= Harold Leslie Keer Whitehouse =

UK botanist (1917–2000)

Harold Leslie Keer Whitehouse (13 April 1917 – 18 January 2000) was a British botanist and bryologist. He is credited with a discovery of a number of species, as well as with being a president of the British Bryological Society.

Whitehouse was born in Churchdown, Gloucestershire, Great Britain. His father, Arnold Arthur Gray Whitehouse, was a schoolteacher and a Cambridge graduate in mathematics, and Harold Leslie Keer Whitehouse had two brothers, an older and a younger one. Harold Whitehouse entered Queen’s College, University of Cambridge in 1936, and eventually started a PhD in biology under supervision of David Catcheside.

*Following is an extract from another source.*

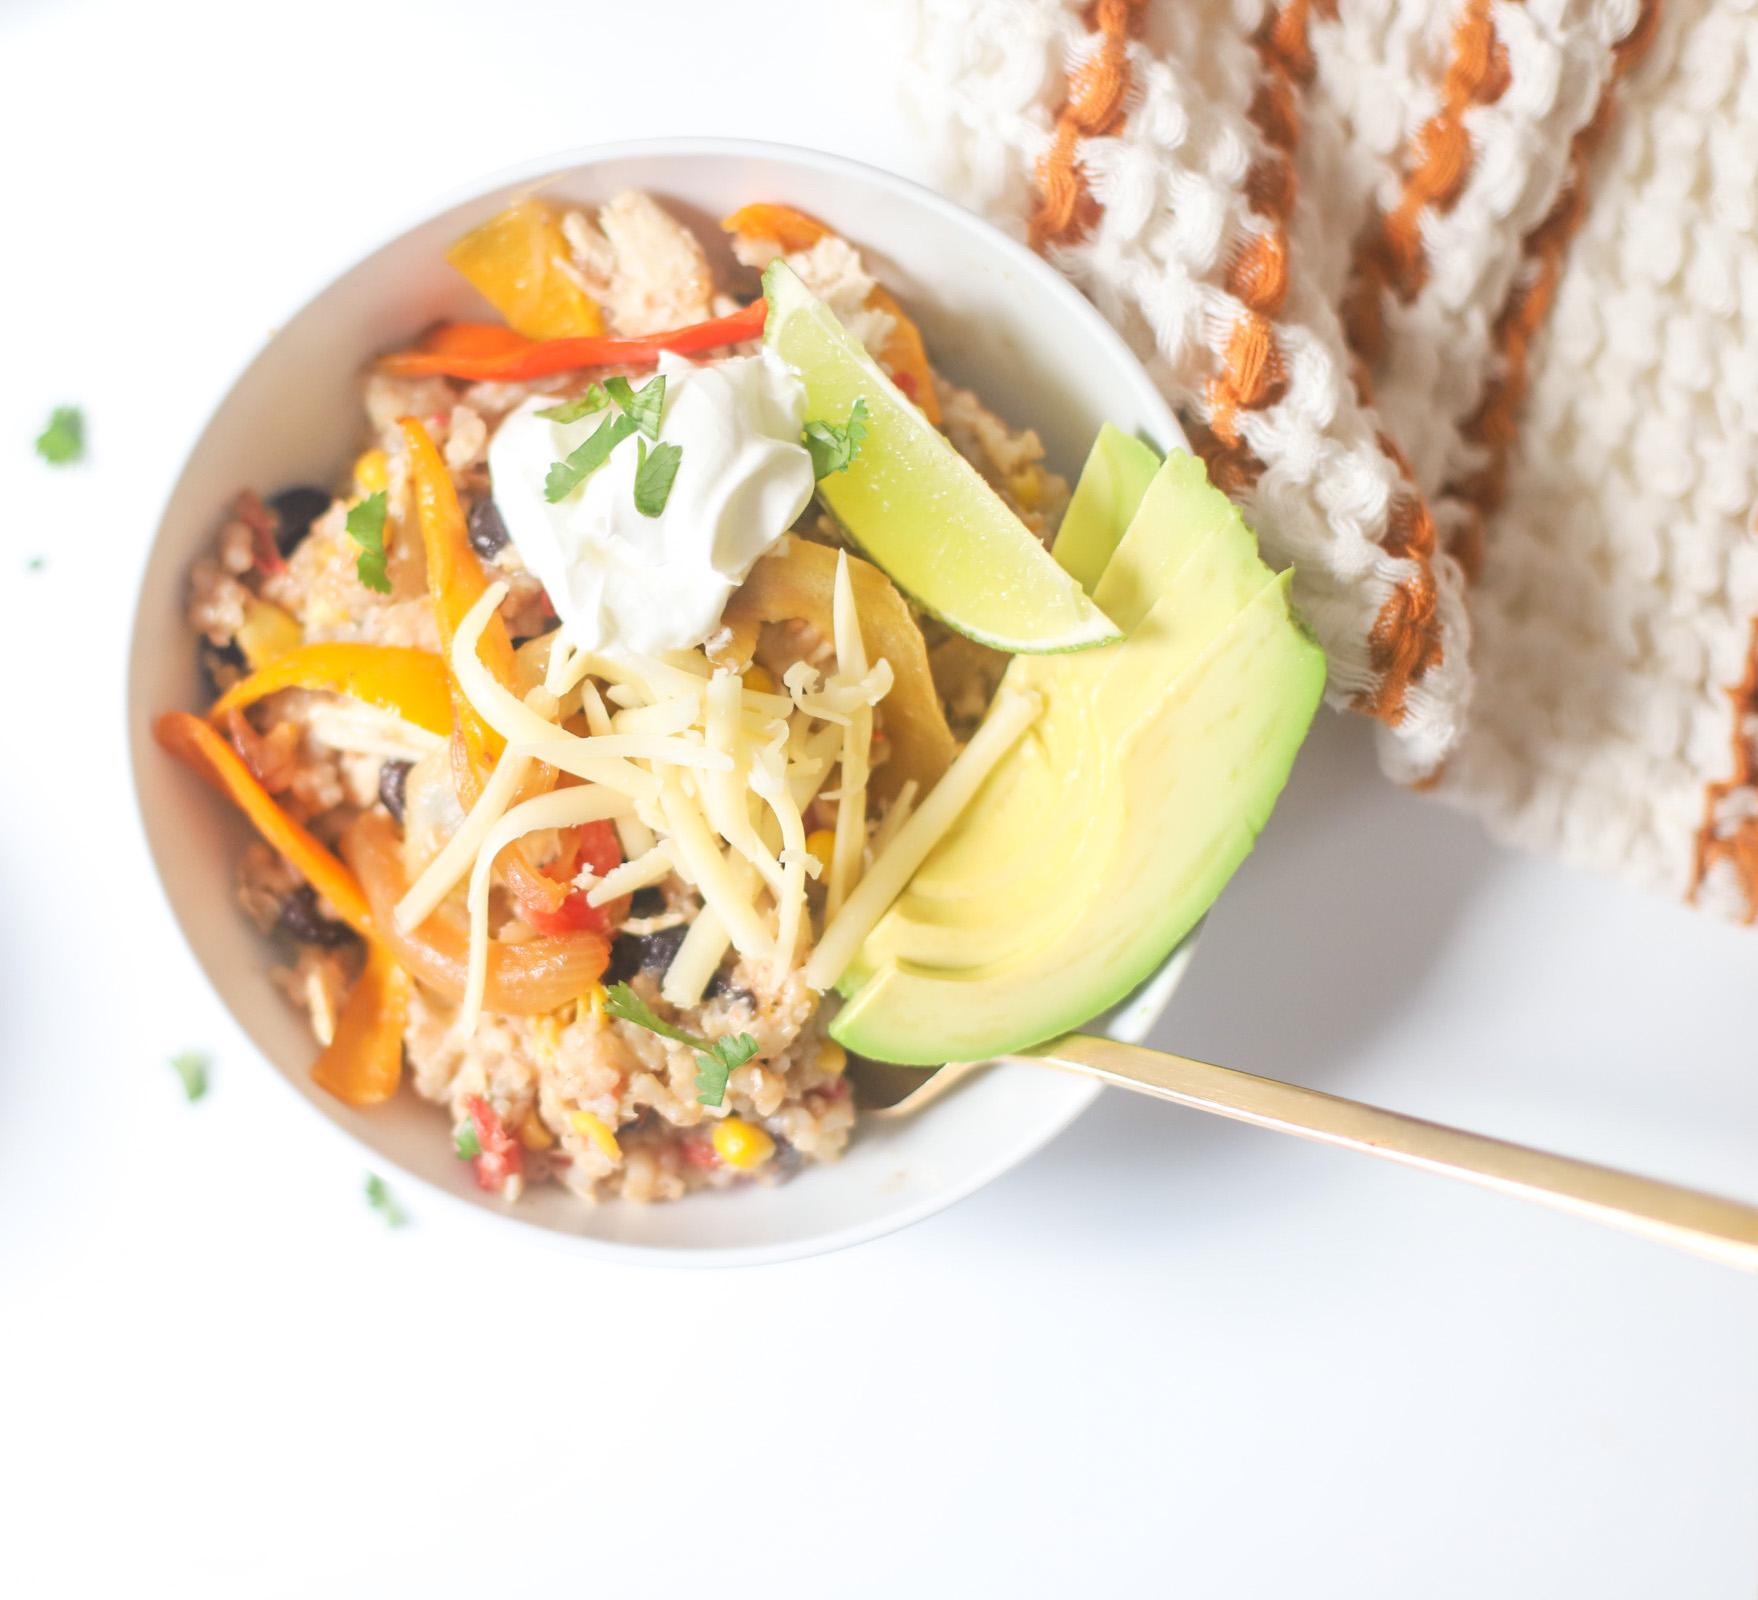 Instant Pot Loaded Chicken Fajita Bowls - Easy Weeknight Dinner Recipe | @glitterinclexi | GLITTERINC.COM

His graduate studies were interrupted by World War II, during which he was detached to the Royal Air Force photographic unit in Medmenham, Buckinghamshire. After the war, Whitehouse returned to Cambridge and was awarded a PhD on the genetics of ascomycetes. Subsequently, he was hired by the Botany School at Cambridge. He was appointer lecturer in 1952 and reader in 1969, retiring in 1984.

The botanical speciality of Whitehouse was mosses. In particular, he described Dicranella staphylina in 1969.

He was married to Patricia Horlick and had two daughters.